You are a child. You had suspicions and you let your father know. Your involvement at that point should have ended. This is your parent's marriage, not yours. Frankly how they decide to handle a possible affair is none of your business. While you are affected by your parent's marital status it is NOT your marriage. You have crossed so many lines, so many boundaries, and it's horrendous that your father is allowing you to wade knee deep in his marital problems with your mother.
There is something very sick about the adults on this site who are encouraging you, a child, to spy on your mother and become a little affair sniffing Nancy Drew. It is neither appropriate nor right for you to be taking up this position. Currently you seem surrounded by some rather dysfunctional adults and that pattern is being emulated on this board. Some of the posters here are so embittered about their own destructive history with infidelity that they are ignoring that you are a CHILD and encouraging you to act in ways that are reprehensible. There are people here who are not looking out for YOUR best interest but are instead vigilantes focusing on outing every affair possible, regardless of the cost, even if it means egging on a child to do so.
You need to butt out of your parent's marriage and you need to move on with your teenage life. You need to stop. You can not see it now but this kind of behavior is likely to have detrimental effects on your relationship with your mother AND father for many years to come, regardless of what happens to their marriage.
Thanks for the advice. You don't have kids, do you? The only reason I ask is that you only seem to be able to think like a husband. When a couple decides to have children, I think it's pertinent to put the family first. By that I don't mean that marriage should be put on the back burner and kids should be given free reign to do whatever they want so long as they stay happy - what I mean is that the family is a whole, it's one, and so in saying that I don't think you can conceptualize it in a way that makes its components black and white. You have got to be joking if you believe that kids don't have any business in what their parents do. Marriage is a sub-category to family life, and though infidelity certainly effects marriage, it also effects the family as a whole, and in that sense I don't get how it's not the whole family's business. There's detrimental behavior being exhibited here by the people who are supposed to be 'in control' of the family, that's obvious. Frankly, the idea that children shouldn't be involved in a marital riff when it directly effects them is an archaic and ageist thought. The problem that's occurring now is so evident that even a 13-year old girl (my sister) is picking up on things, so no, I have no right to try to root out a problem just because I'm a "child" and should expect that my parents will handle things in the best way, as they've CERTAINLY been doing so far (sarcasm). I'm not my parents' nosy neighbor, I'm their daughter, and what they're doing is getting to me and their youngest, and if they can't find a way to handle sh*t, then I will. The fact that you've judged my parents as "dysfunctional adults" says a lot about that.

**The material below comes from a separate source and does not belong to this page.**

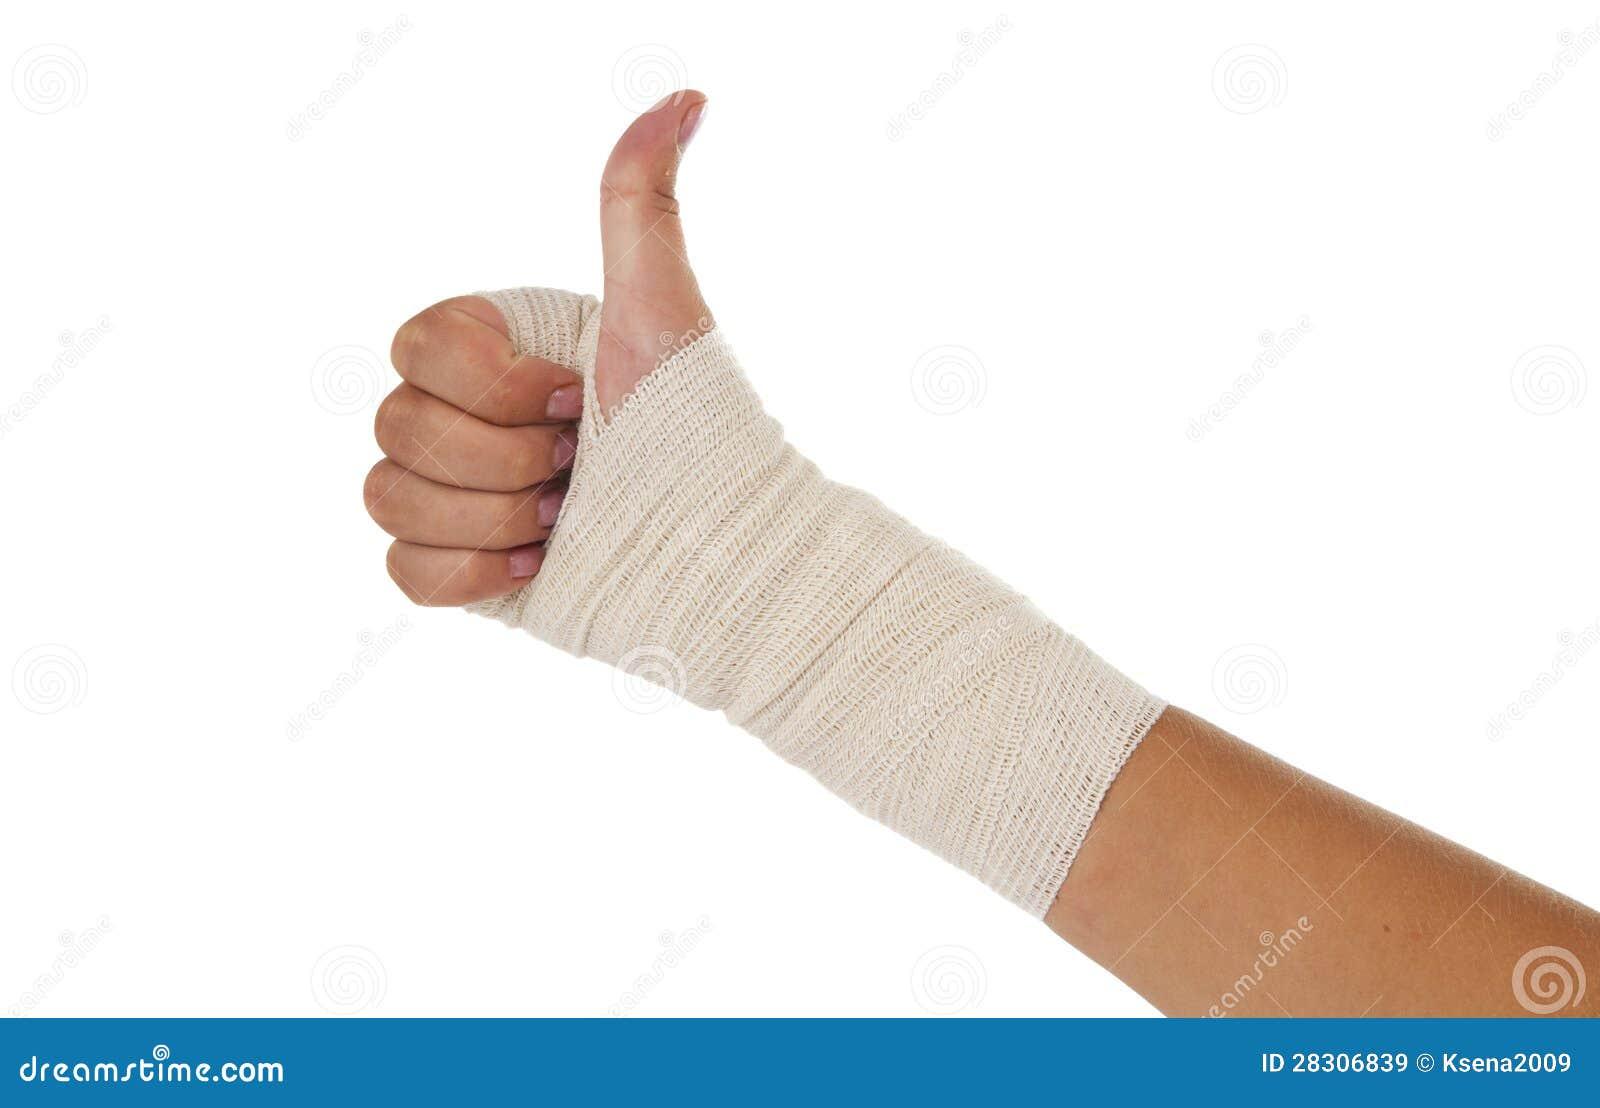 Armamento y Vestimenta: Guerreando en Calradia De-hand-bond-elastisch-verband-28306839

About me being a "child," I don't know what context you're using to label me as such, but to be frank, it's annoying. Physically, as an 18-year old, I don't know anyone who would categorize me as a "child." Emotionally, I don't think you know me well enough to judge me in such a fashion either. I'm 18, and I'll be going to college next fall, living away from my parents; my teenage years are over. I'm not trying to be older than I am, nor am I trying to take on responsibilities undue to me. But at the same time, I know that I'm NOT going to sit around and acting hapless, sucking my thumb while strangers call me a child. No, whatever is going on with my mom is screwing with our
family, and no matter how dismissive you want to be of a "child," it is
my right to be able to protect that.